Assigned task: Please retype every entry as written, and keep the pictures out.

Records from a dataset
========
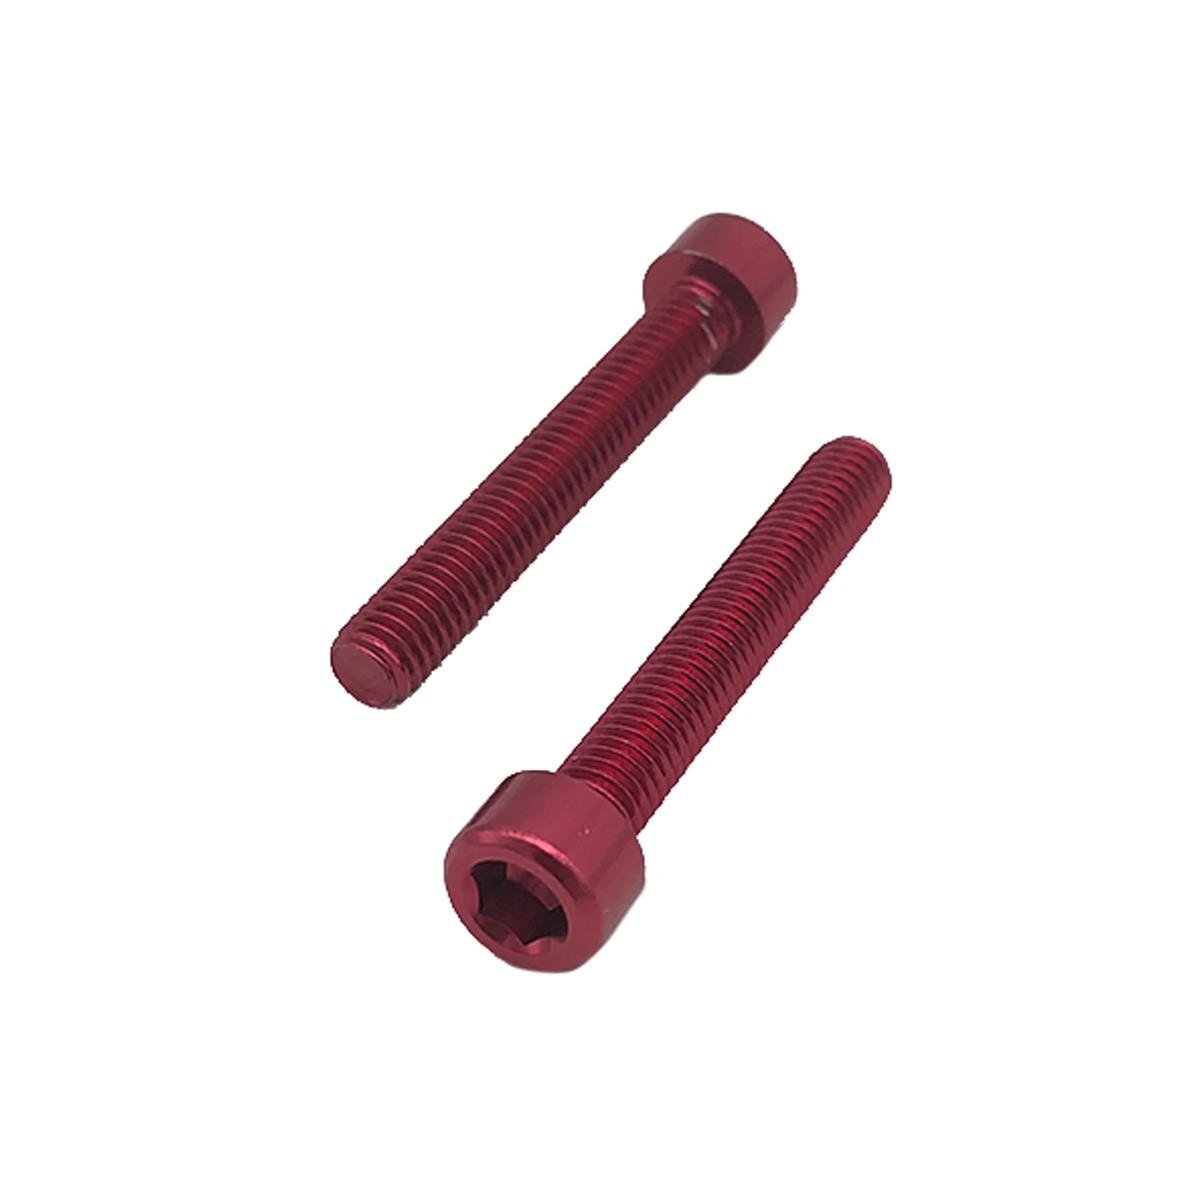 Parafuso Allen de Aluminio Socket Cap M6 x 50mm Vermelho
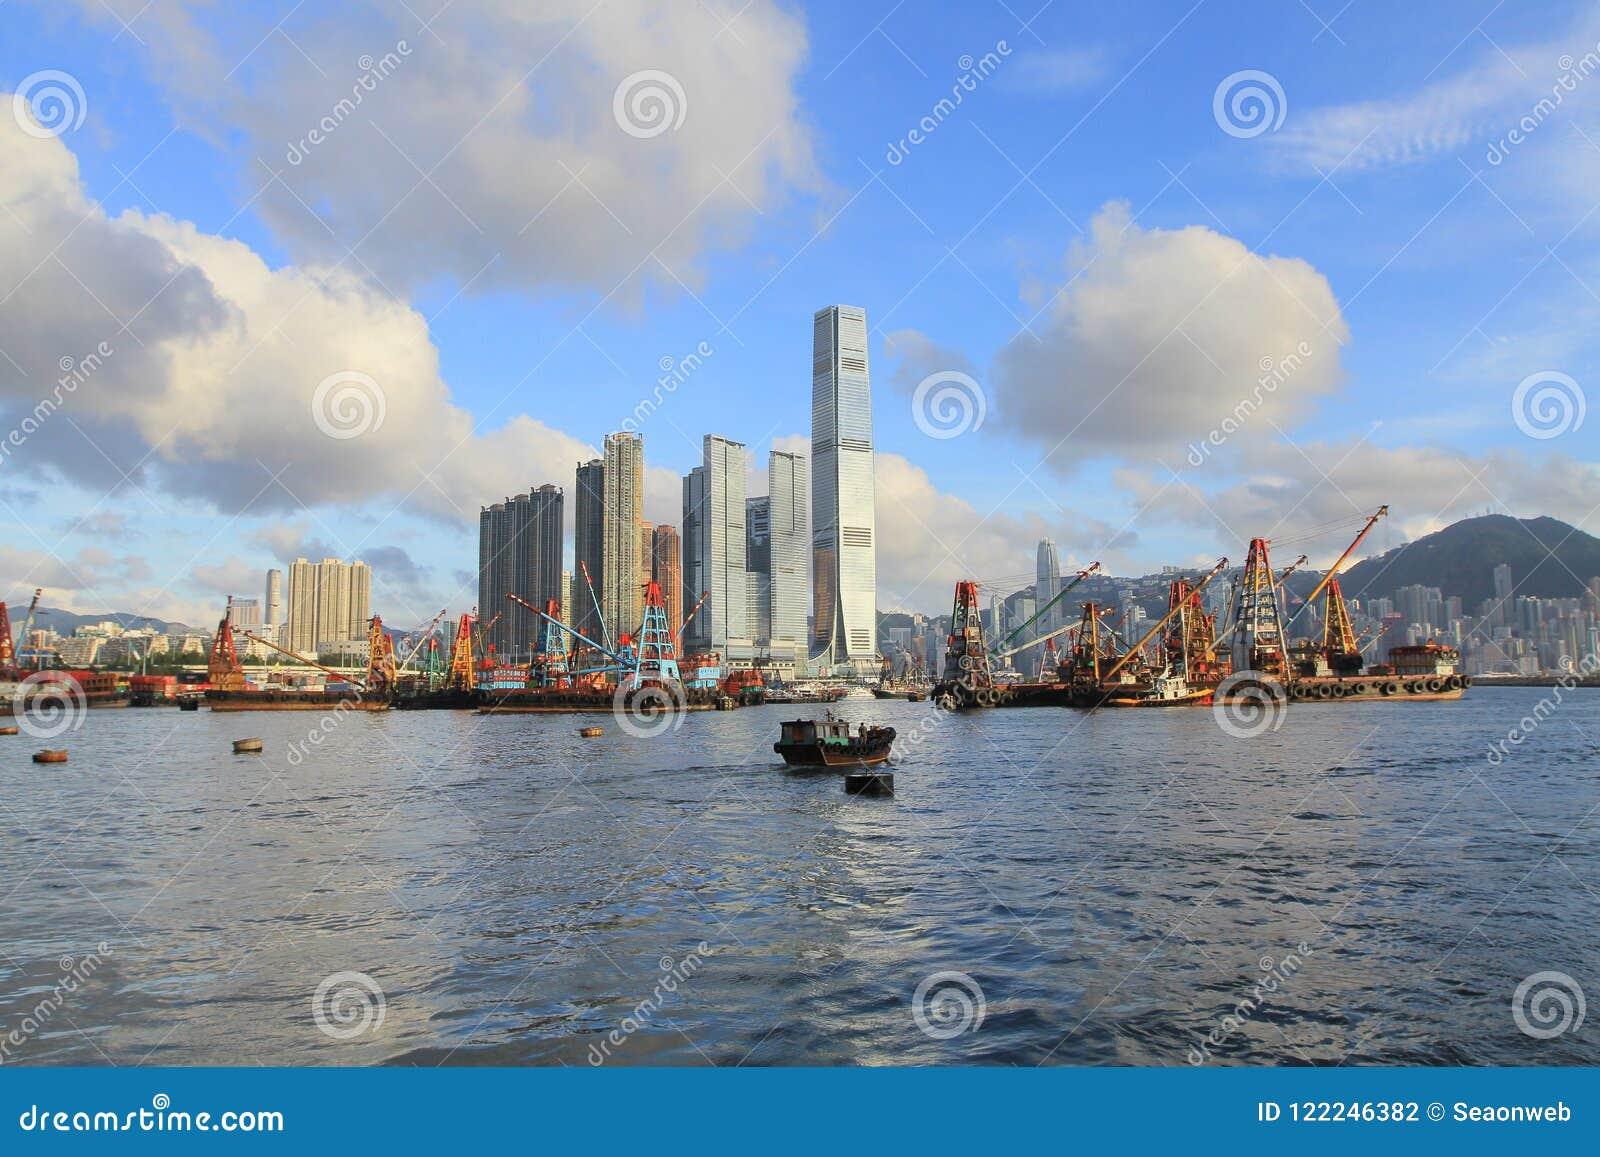 Yau Ma Tei Typhoon Shelter West-Kowloon
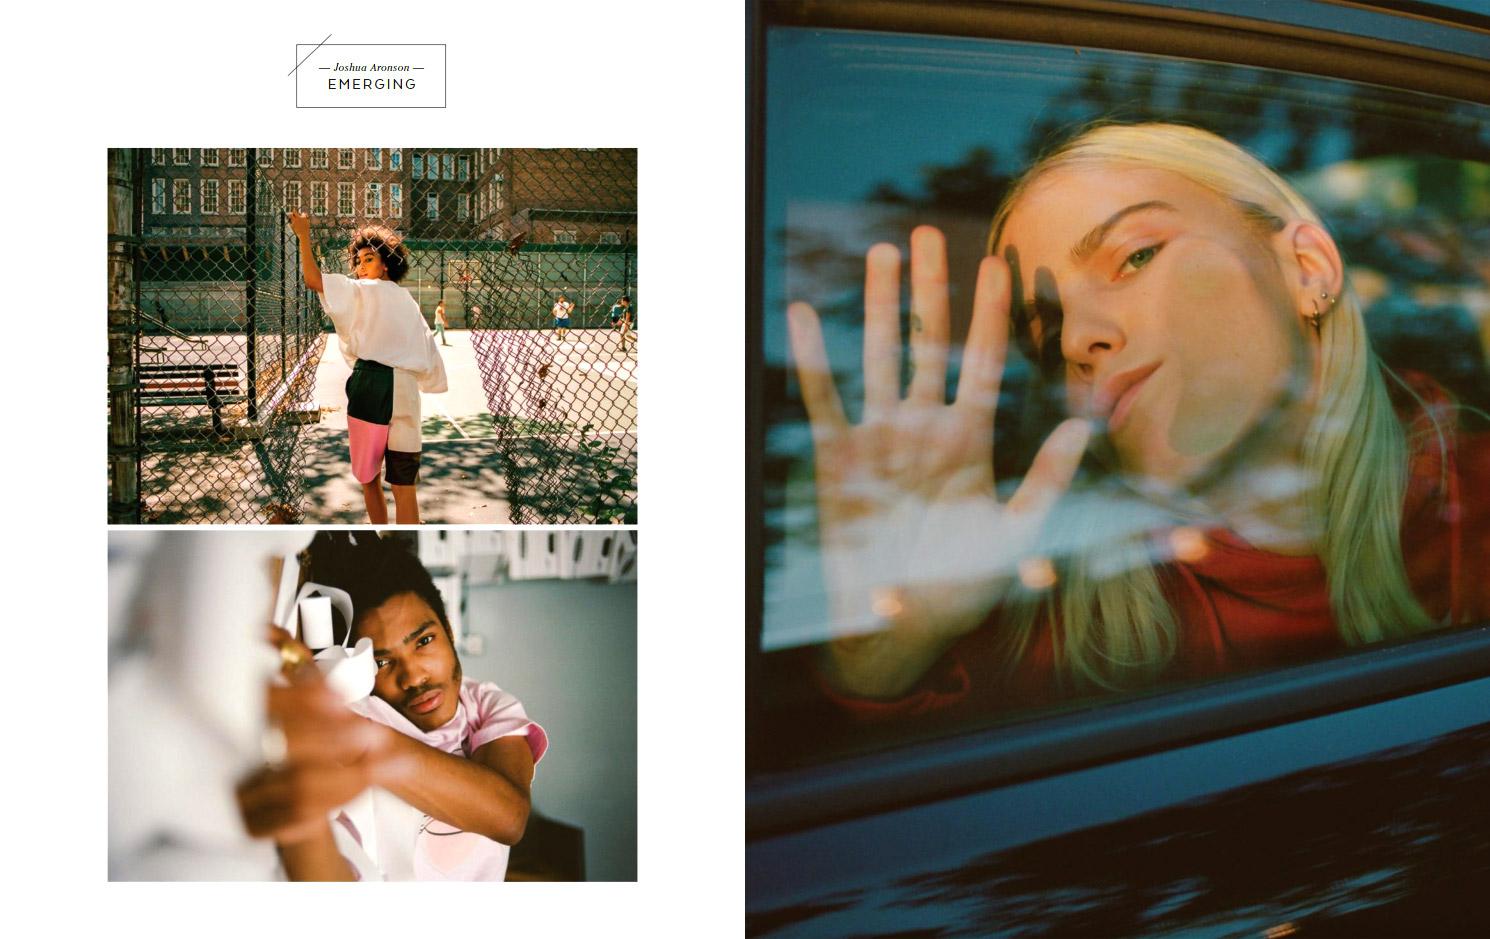 Появление, © Джошуа Аронсон / Joshua Aronson, Фотоконкурс «Новый фотограф» / Emerging Photographer
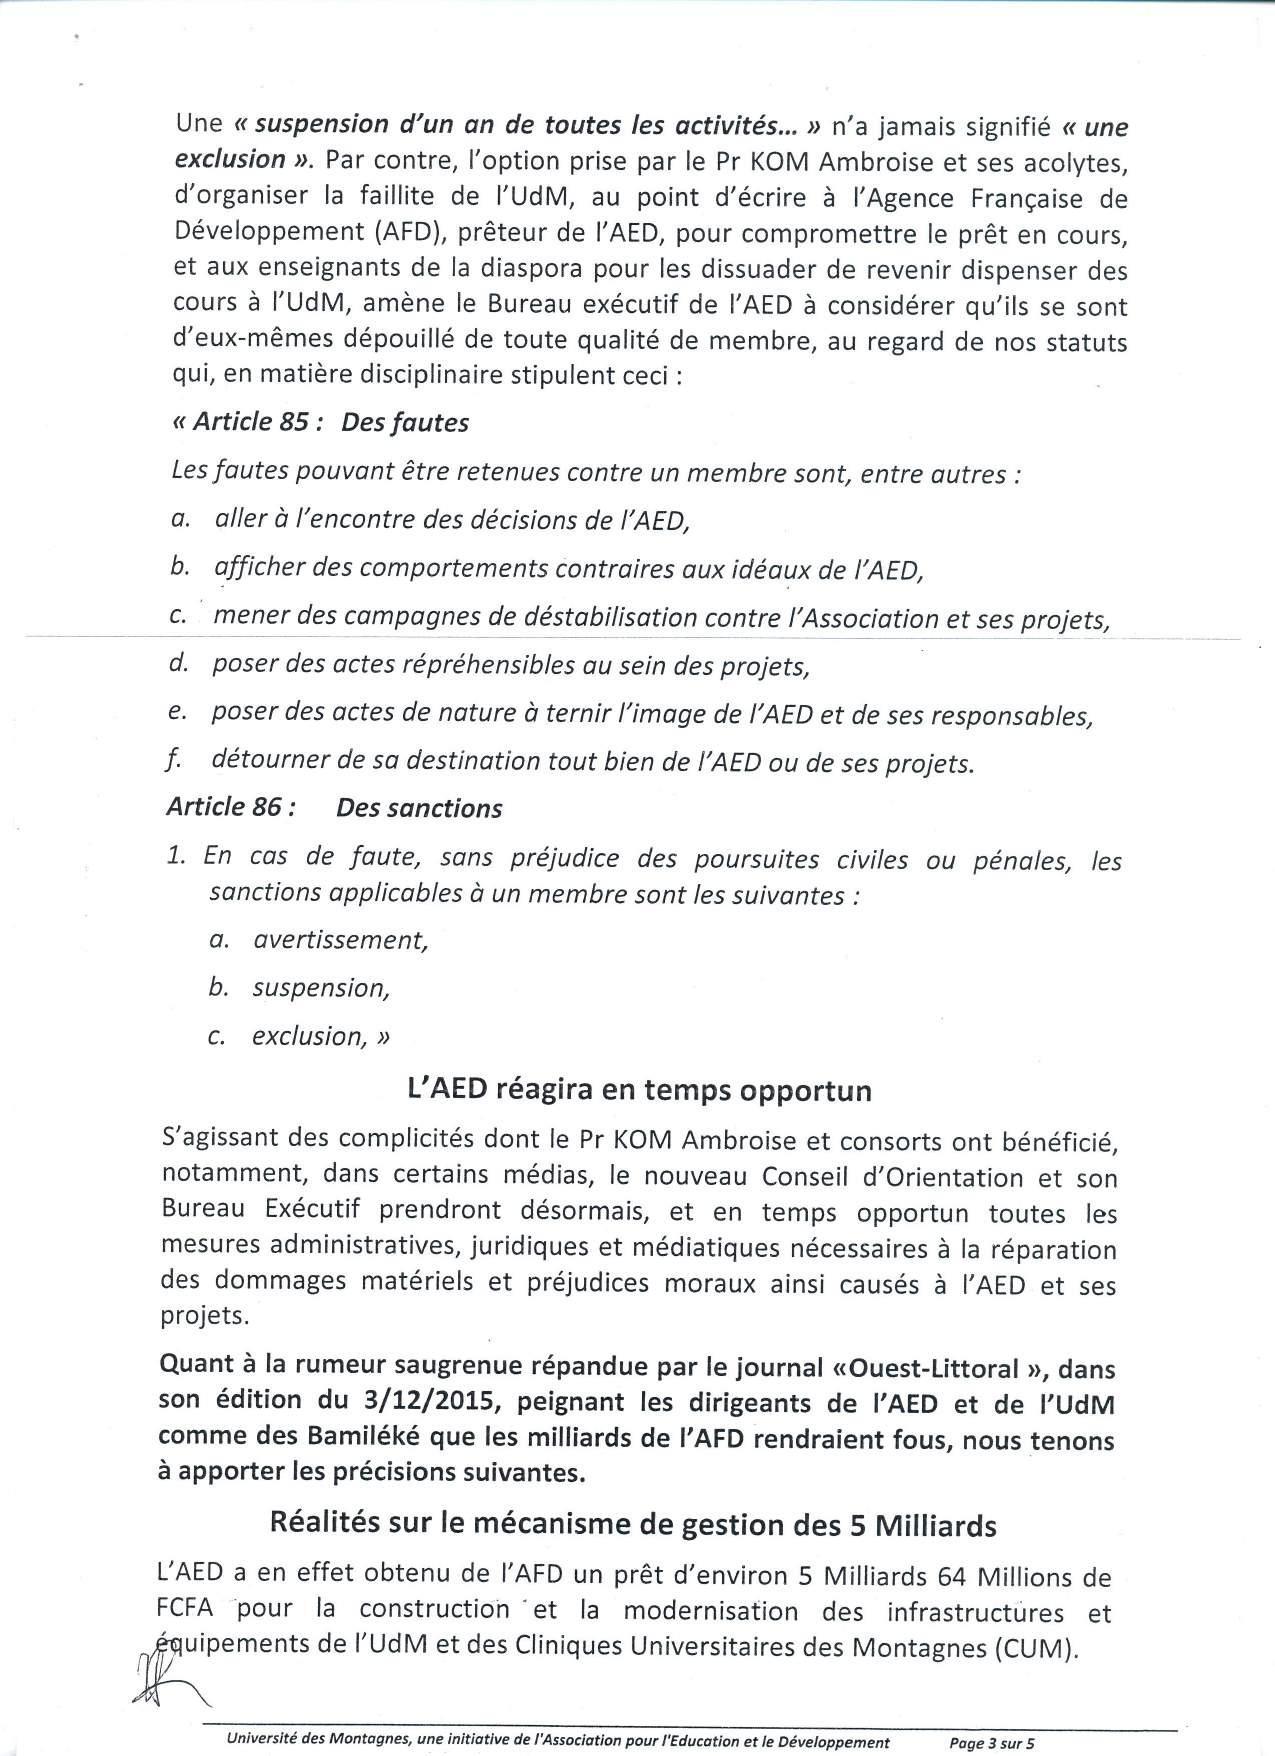 20151209_Mise au point de AED-page-003
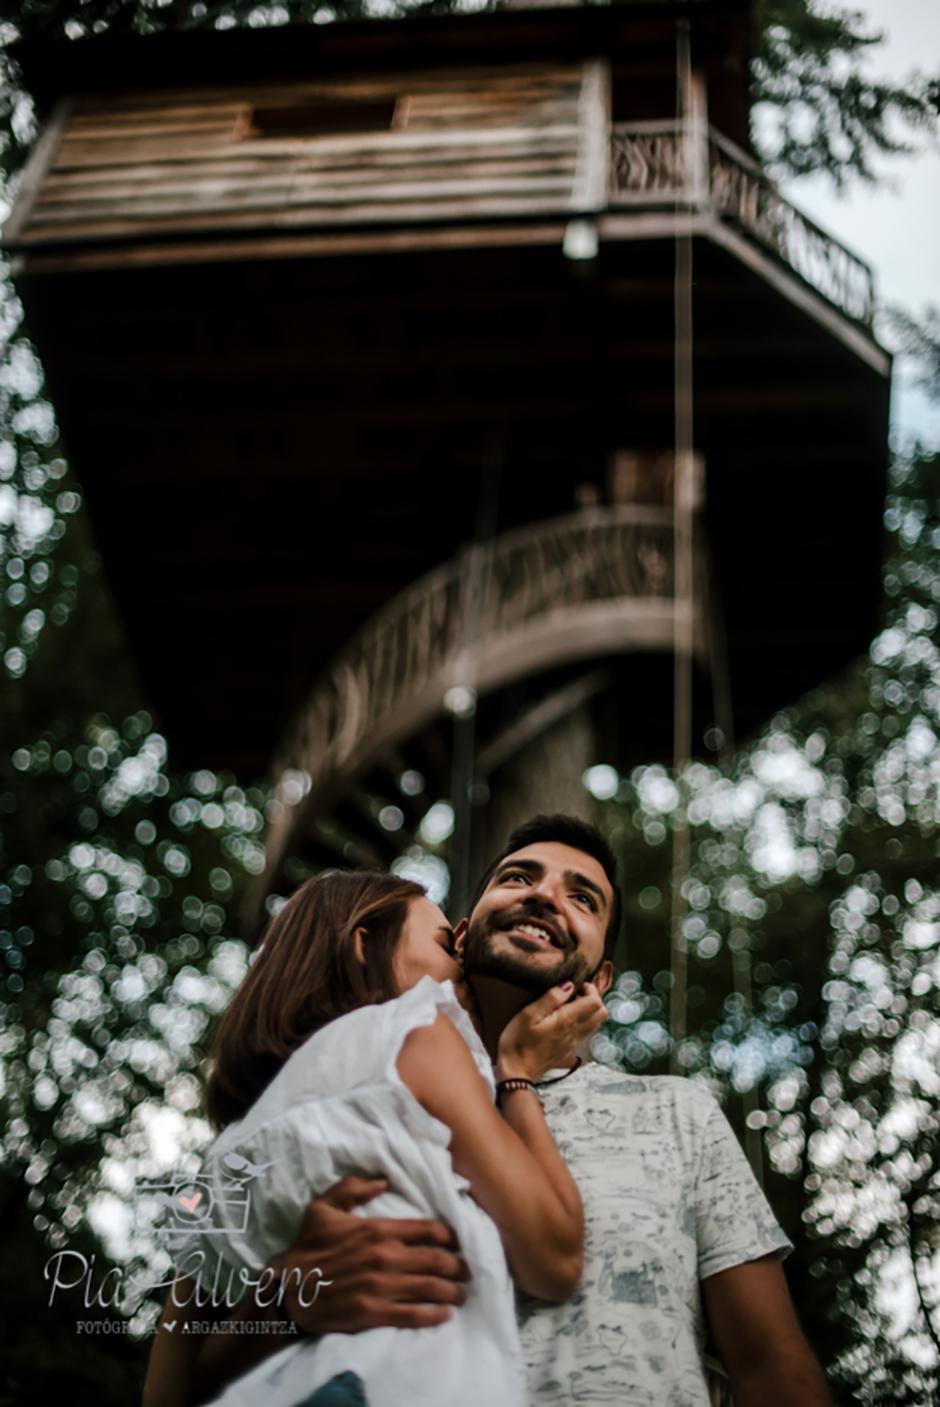 Pia Alvero fotografia de pareja en Bilbao.Love-29
========
Task output:
 Parafuso Allen de Aluminio Socket Cap M6 x 50mm Vermelho
 Yau Ma Tei Typhoon Shelter West-Kowloon
 Появление, © Джошуа Аронсон / Joshua Aronson, Фотоконкурс «Новый фотограф» / Emerging Photographer
 20151209_Mise au point de AED-page-003
 Pia Alvero fotografia de pareja en Bilbao.Love-29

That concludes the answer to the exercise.